Restate every line of the data word for word, except for the images.
BEGIN DATA SEGMENT
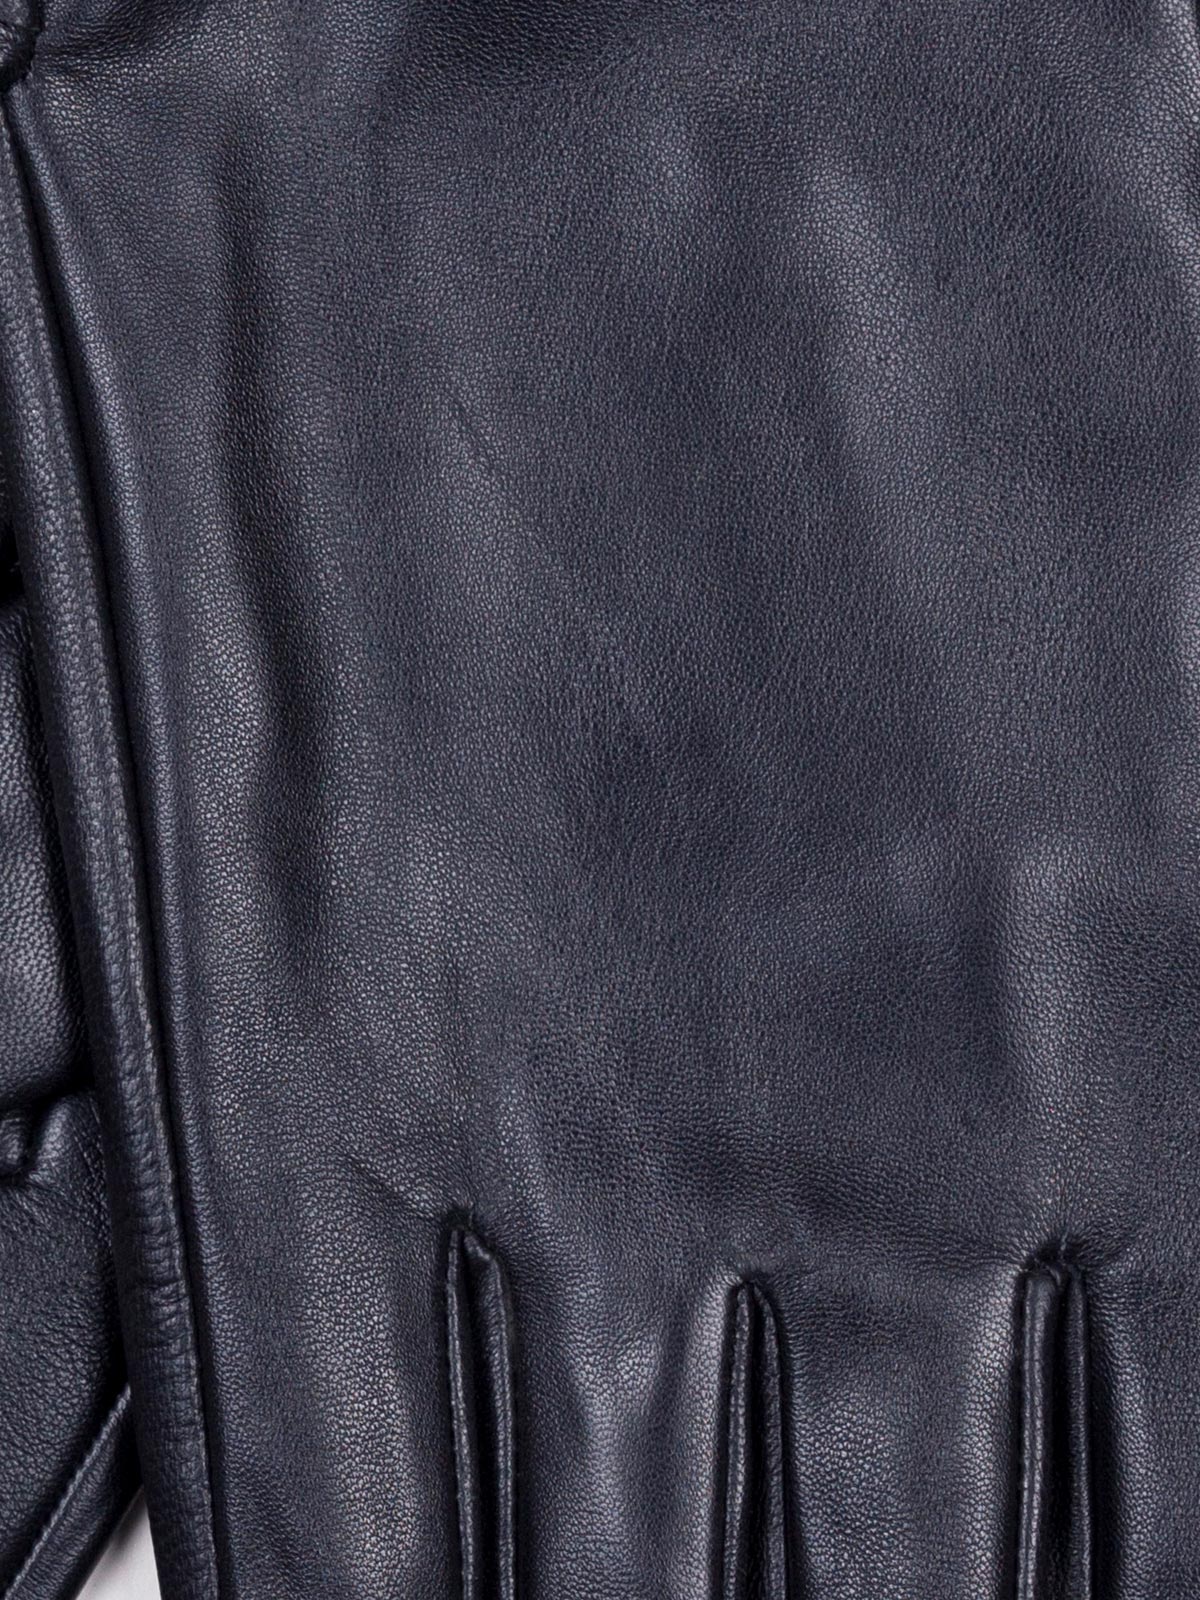  μαύρα γάντια από καθαρό δέρμα  - 10571 - € 31.50 img2
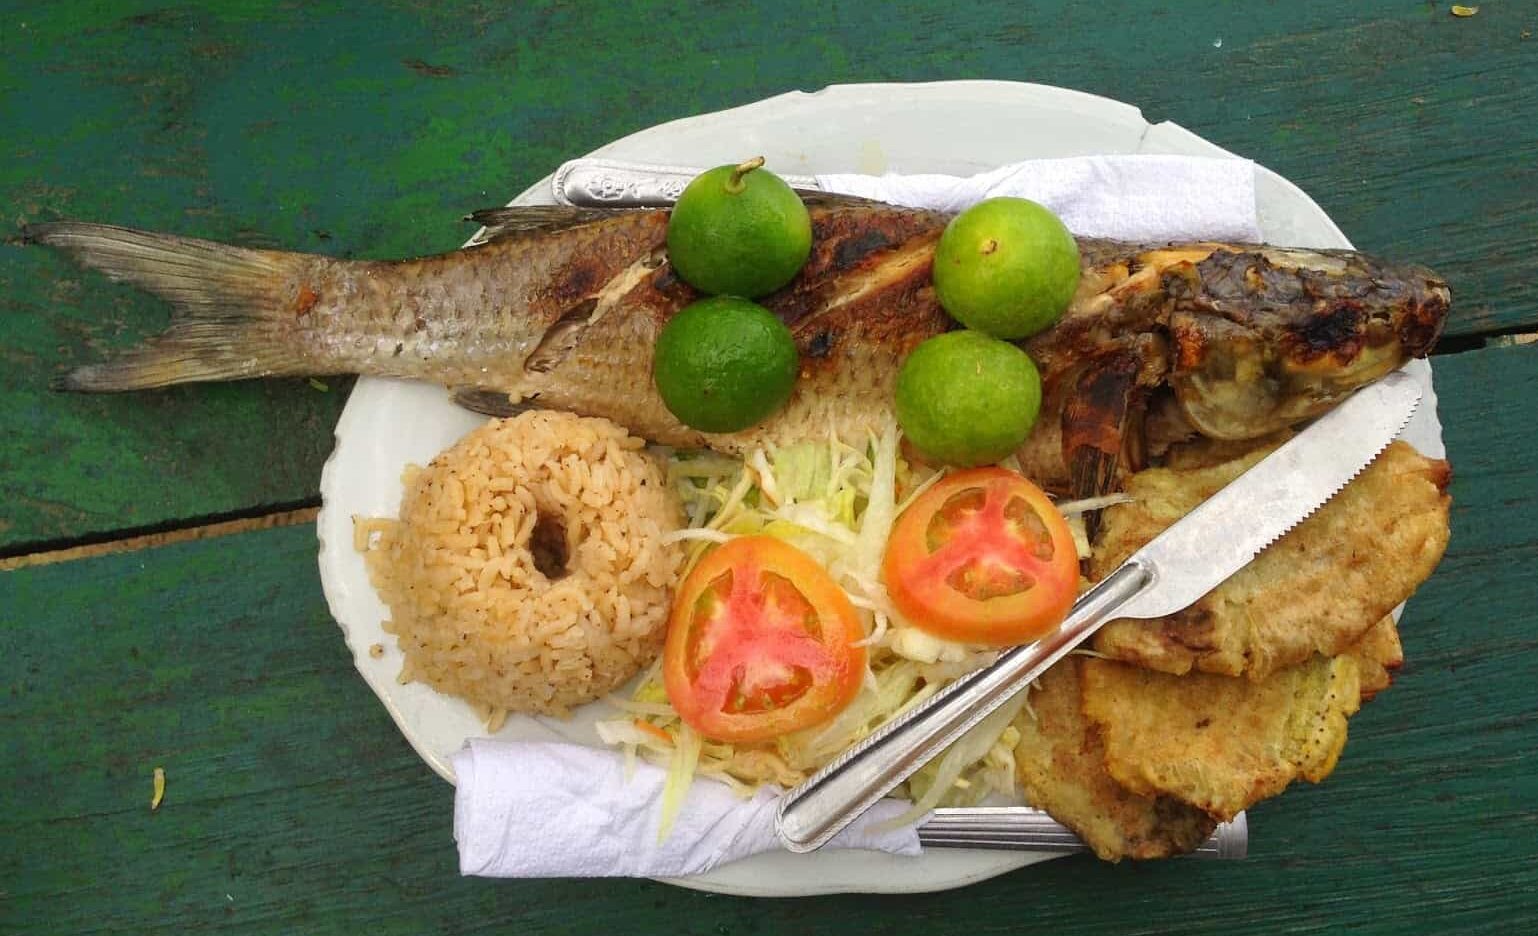 Fish lunch at Playa Cristal
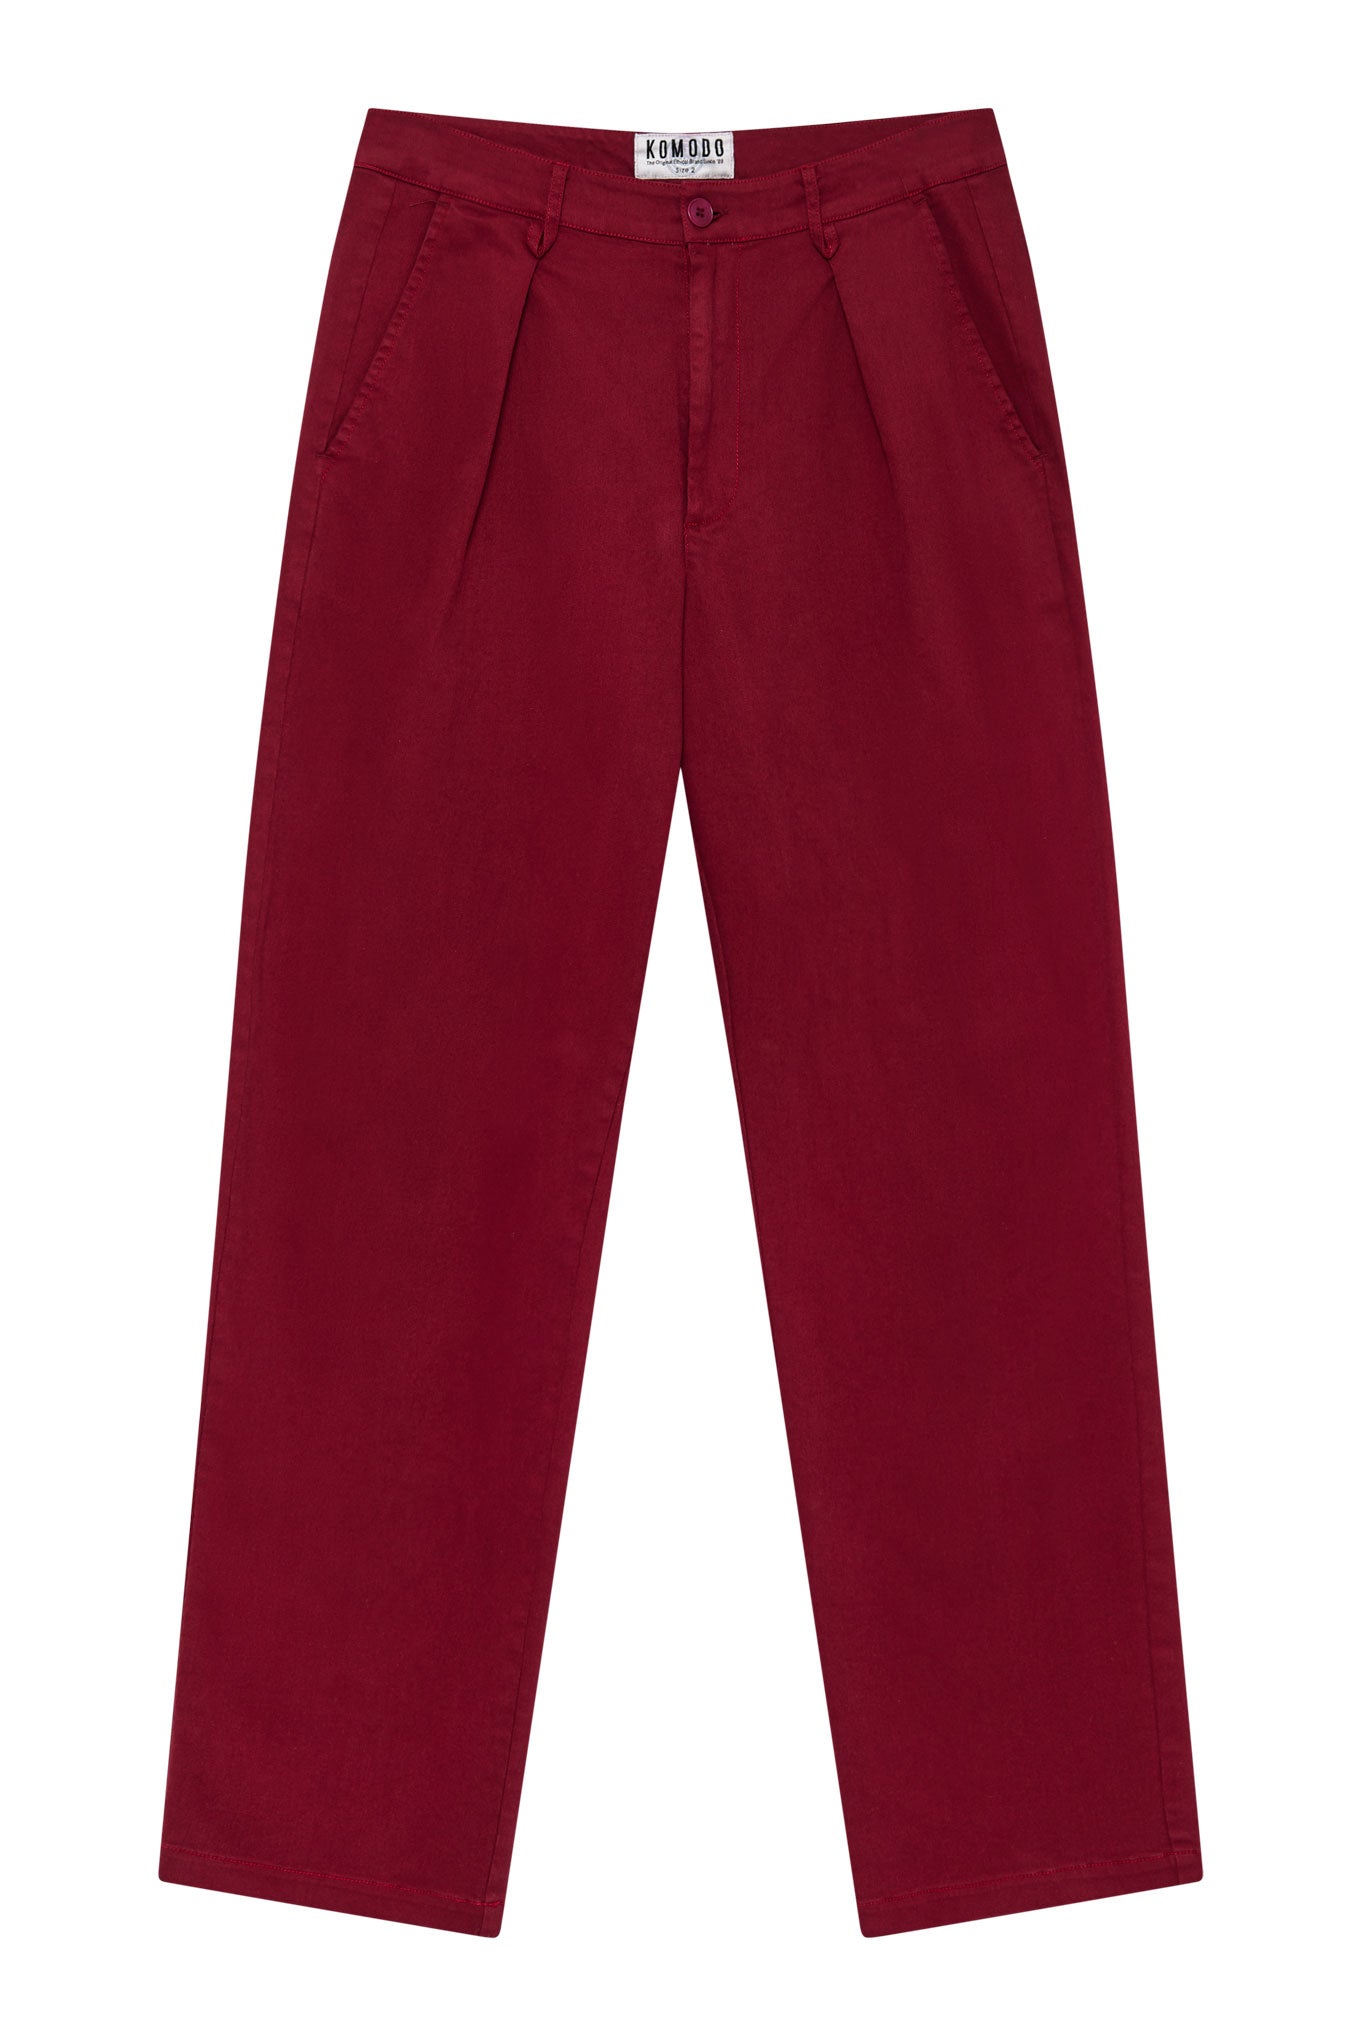 Pantalon BOWIE ample rouge foncé en coton biologique de Komodo
END DATA SEGMENT
** YOUR RESPONSE **
  μαύρα γάντια από καθαρό δέρμα  - 10571 - € 31.50 img2
 Fish lunch at Playa Cristal
 Pantalon BOWIE ample rouge foncé en coton biologique de Komodo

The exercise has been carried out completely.